Он и сам знал, что это не очень удачное словосочетание. Далеко не на всех планетах ценилось поджарое, мускулистое тело.
«Значит, препараты».
— Можно добиться структурных преобразований всего тела. Криоген даст время организму окрепнуть.
Таккер точно лекцию читал перед клиентом, решившим изменить свою внешность, но еще не выбравшим способ. Сам Таккер, вероятно, какое-то время в криогене проводил.
— Нет, меня устраивает моя внешность. Отдохнуть я еще успею, и надеюсь, что не в криогенной камере, а в более уютном месте.
— О, непременно, — подмигнул Таккер, — но чем же вас занять?
— Об этом не беспокойтесь. Я вызову в своей каюте проекцию пляжа. Освещение — ультрафиолет. Возможно, призову несколько фантомов, чтобы было с кем пообщаться. У вас есть фантомы?
— Да. Правда, не очень большой выбор.
— Ничего, я с вашего позволения покопаюсь в них.
— Конечно.
— Спасибо. О моем досуге не беспокойтесь, я отлично проведу время.
— Позвольте один вопрос. Что вы хотите сделать с торговцами?
— Я не хочу с ними делиться.
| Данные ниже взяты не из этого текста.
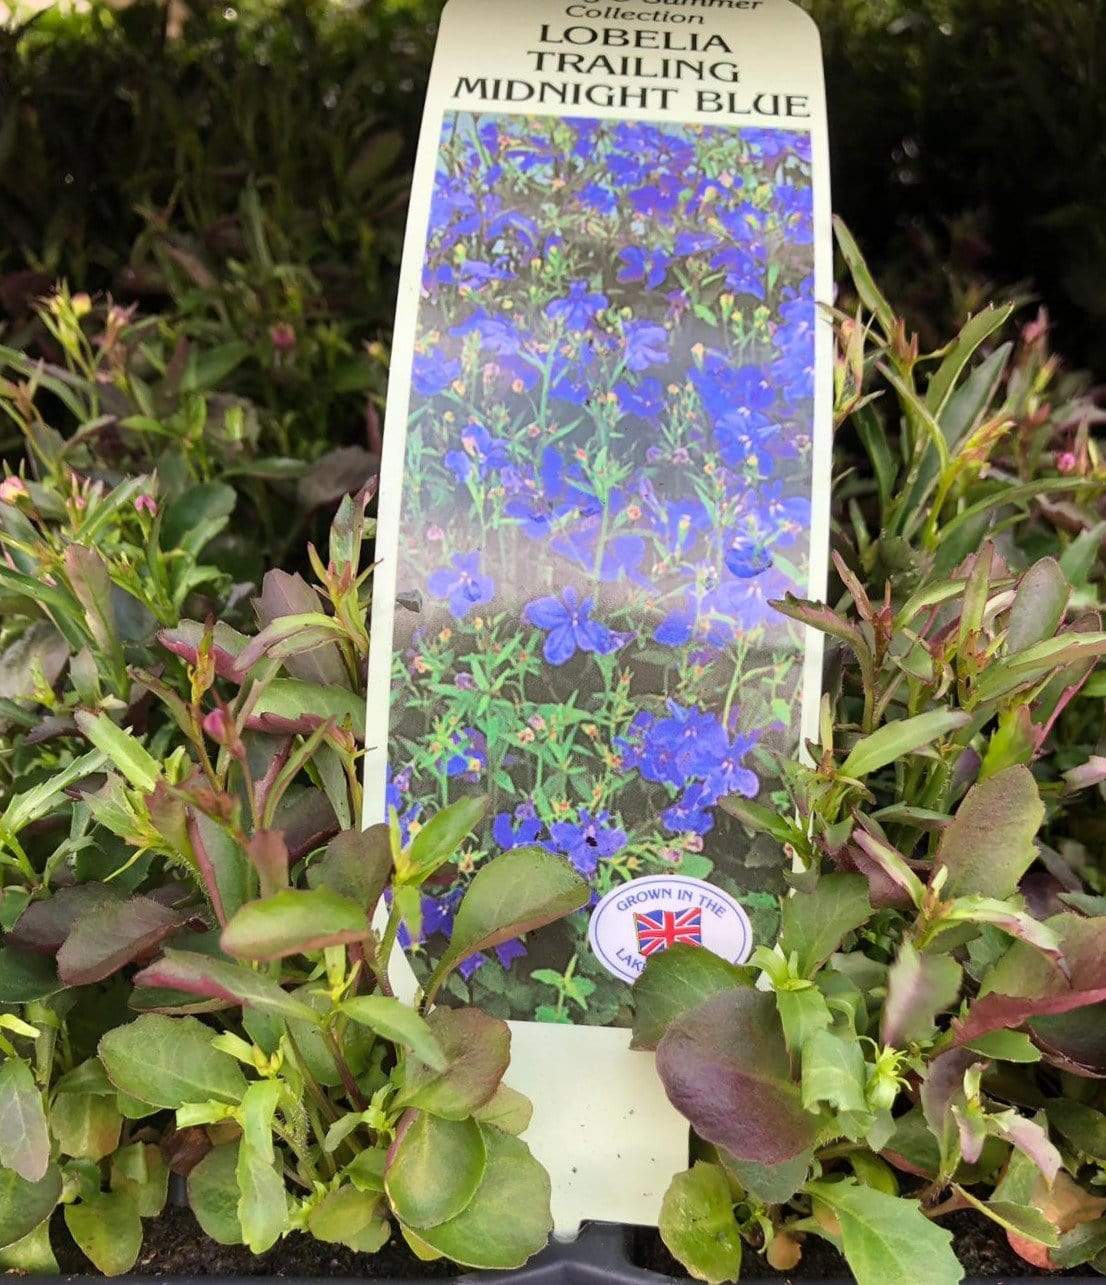 Trowell Garden Centre Garden Bedding Plants Strips Bedding Plant Lobelia Trailing Midnight Blue 20 pack Strip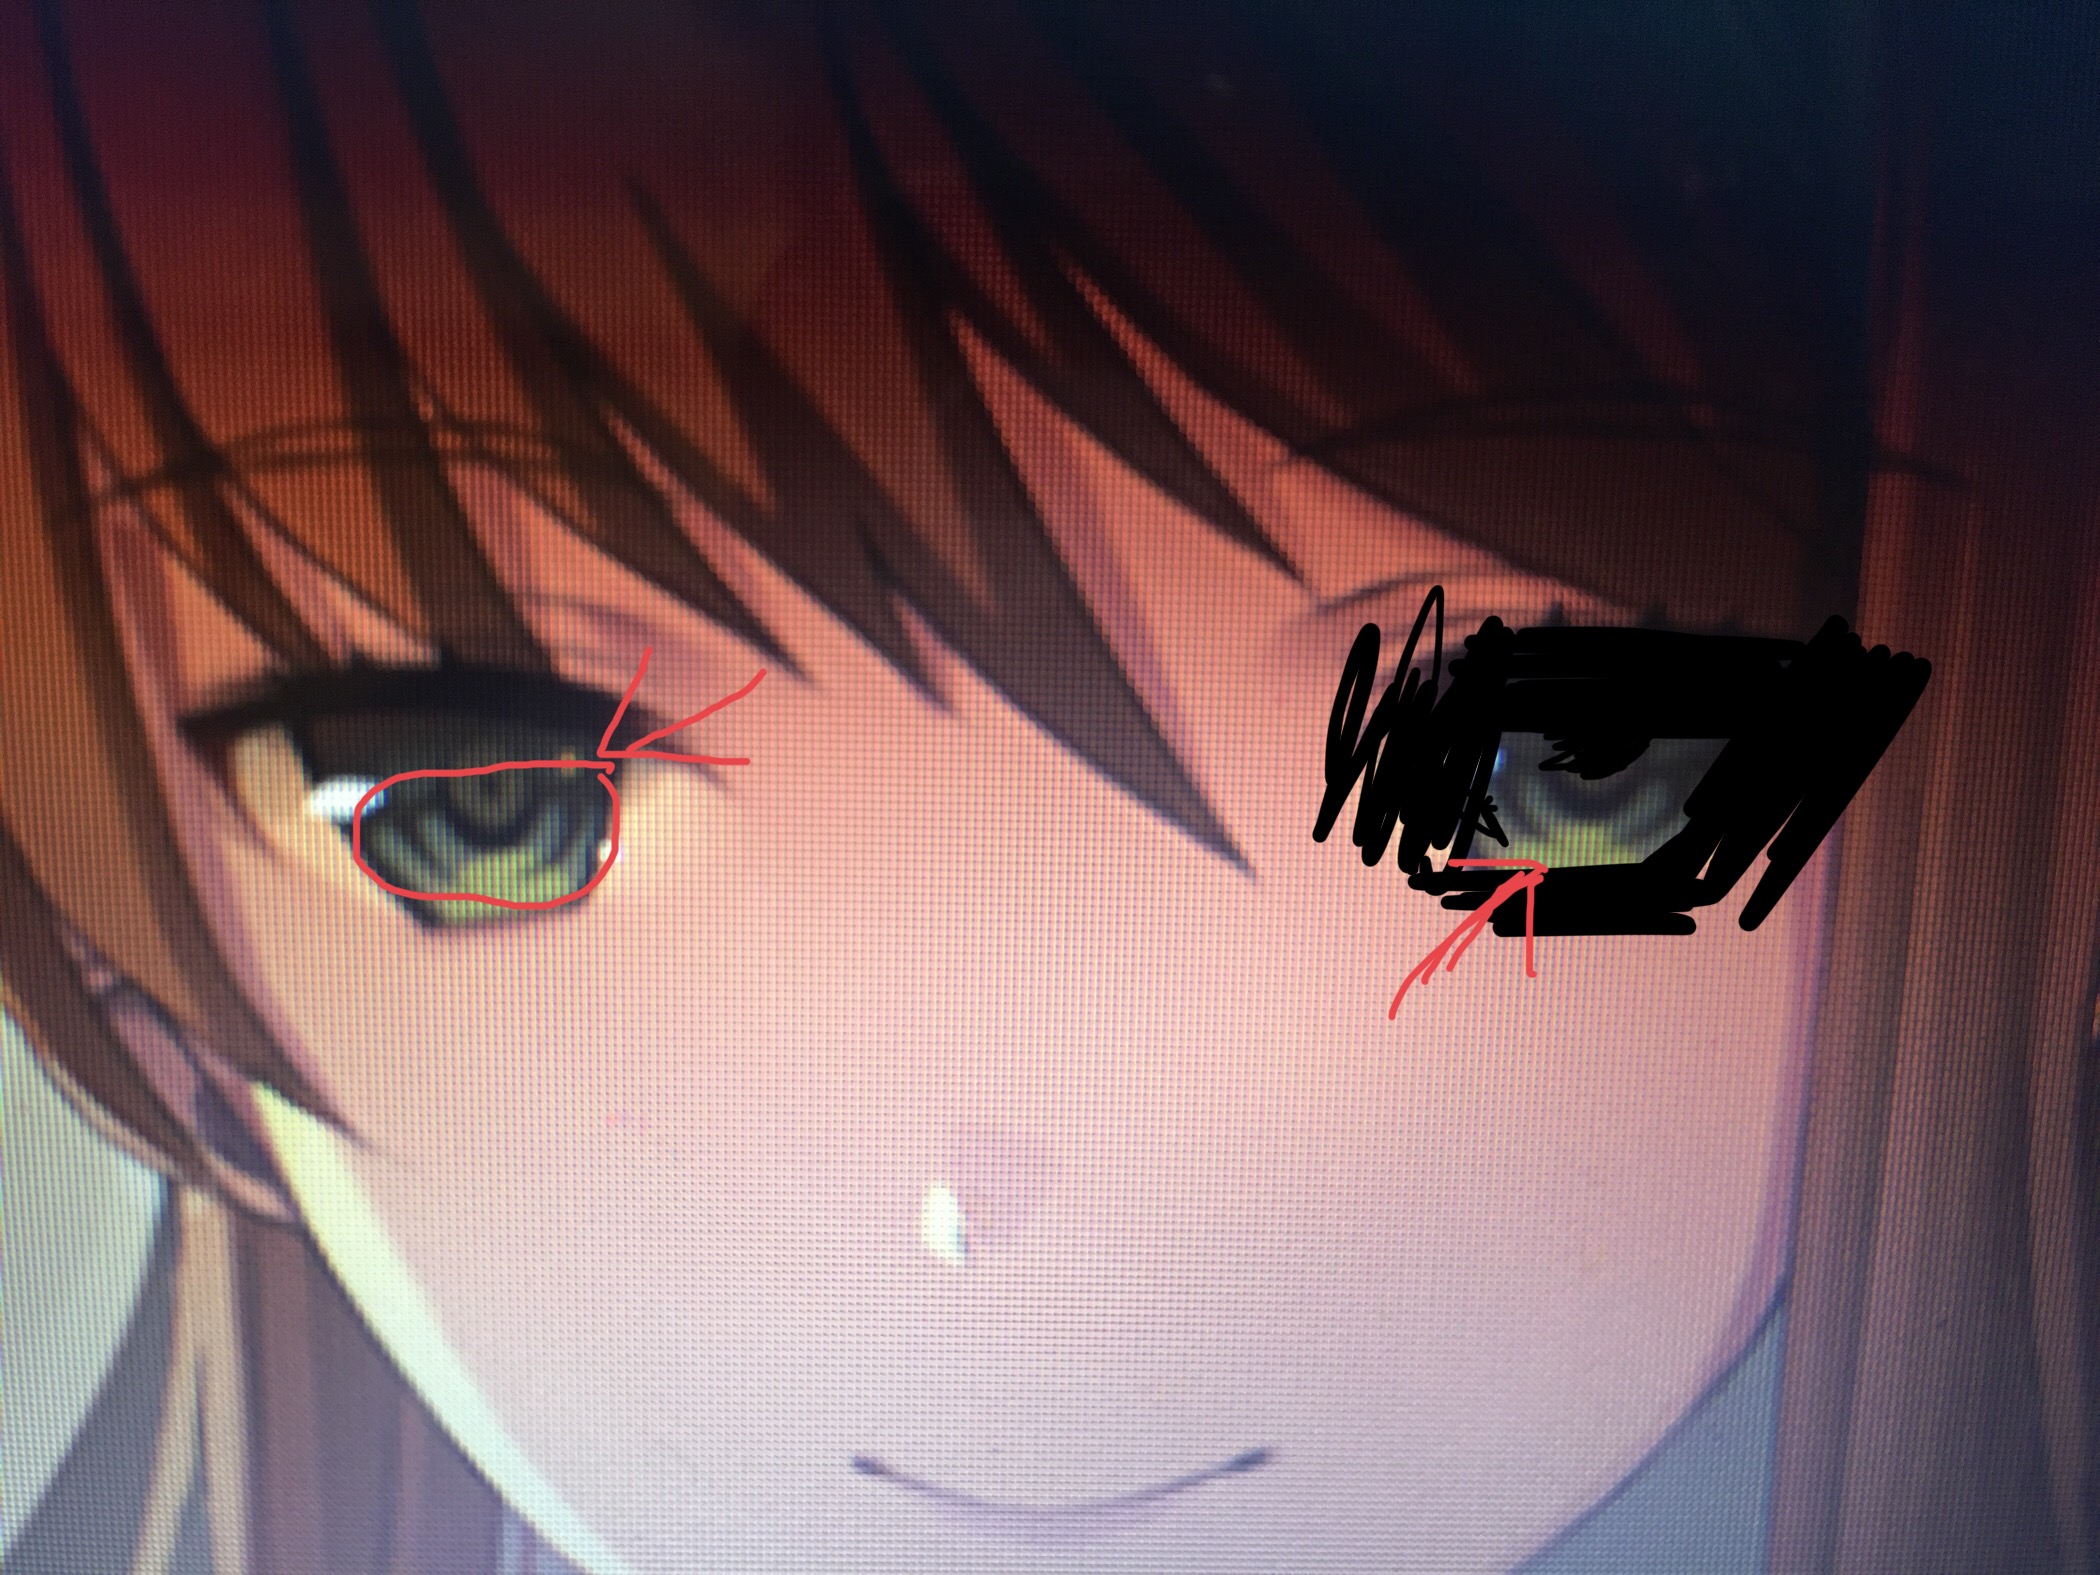 Did anyone notice that Monika’s eyes got eyes | Fandom

Ведь и вы должны придерживаться старой пословицы, появившейся в то время, когда подобные вам разбойничали не в космосе, а на воде. «Чем нас меньше, тем больше достанется на каждого». — Лоно поздно понял двусмысленность этой фразы. Сократить число претендентов можно было как за счет его самого, так и за счет Таккера с его людьми. — Поверьте, для вас тоже будет лучше, если они исчезнут без следа и больше никогда о себе не напомнят. Тогда меньше вероятность, что кто-то выяснит, кто же напал на их корабль.
— Да, мир очень тесен.
Воздух был наполнен влагой, а еще йодом, солью и какими-то ароматами. Закрыв глаза, Лоно Гелиагли слушал, как плещутся волны, и воображал, что они настоящие и если он положит на песок руку, то волна подбежит к нему, лизнет, как верная собака, а потом чуть отпрыгнет, оставив добычу, которую она нашла, — гладкий ярко-желтый камешек, много лет назад поймавший насекомое, отполированную ракушку или монетку.
Лоно не припоминал, когда он в последний раз так долго отдыхал. Возможно, что такое случилось впервые. Его состояние мало отличалось от анабиоза. Он походил на животное, готовящееся к спячке.
Время текло незаметно.
Гелиагли не сомневался, что Таккер за ним следит. Когда придет время выбора, он переметнется на сторону торговцев. Те, кто большую часть своей жизни проводит в космосе, легче найдут друг с другом общий язык, пусть они и начали диалог, стоя по разные стороны, нежели с теми, кто обычно обитает на поверхности планет.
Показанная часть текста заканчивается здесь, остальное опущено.